An evaluation by financial growth membership org IEDC earlier this 12 months put it bluntly: AI is exposing a jobs system that was already broken. Solely 40% of Individuals at present maintain what researchers name “high quality jobs” with truthful pay and advantages. Fewer than 10% of states have robust AI-to-jobs methods. Tech has by no means had very many apprenticeships, so the already networked get a lot of the entry.

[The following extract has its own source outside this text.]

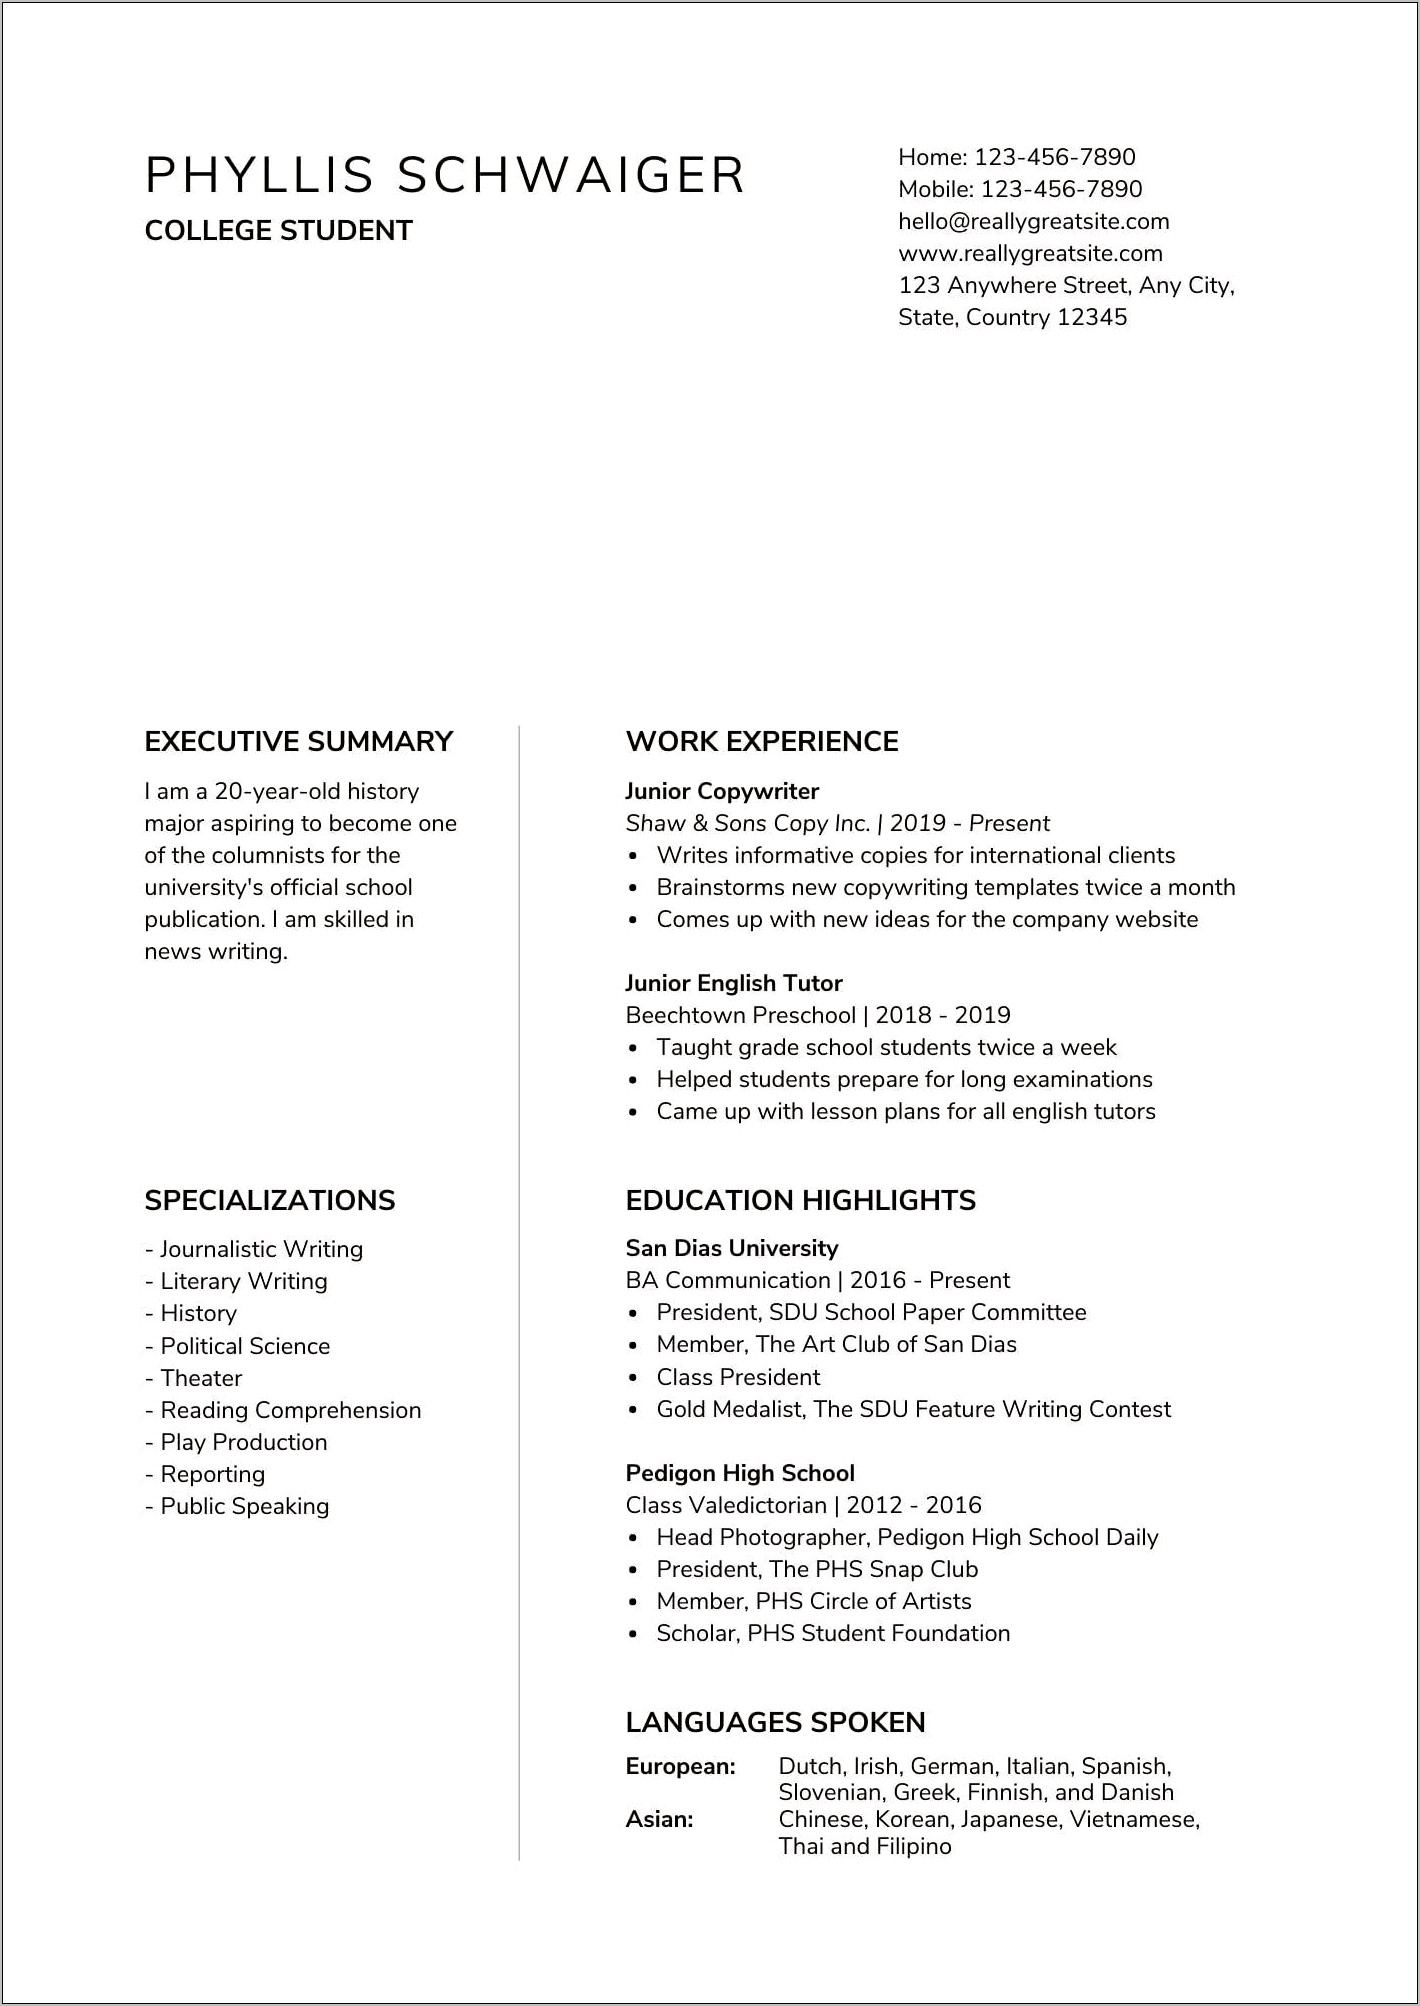 First Job After College Resume

As Marek Gootman from Brookings put it at our convention: “We essentially mishandled transitions like this previously in conventional industries.”
The query isn’t whether or not AI will change work. I’ll. The query is whether or not we’ll construct programs that assist individuals adapt, or whether or not we’ll go away them to determine it out alone.
So sure, I took the 5-year guess. I believe there shall be extra software program builders in 2031 than there are at the moment — IF we hold calling them that. Who shall be doing these jobs, and what they seem like, is anyone’s guess.
This week, Brian texted me two screenshots: Certainly knowledge displaying software developer listings climbing again and the Github COO confirming that the code-tracking platform hit a billion commits in 2025 and is now on tempo to beat 14 billion in 2026.
His playful message: “Appears like I’m going to lose the following guess too!”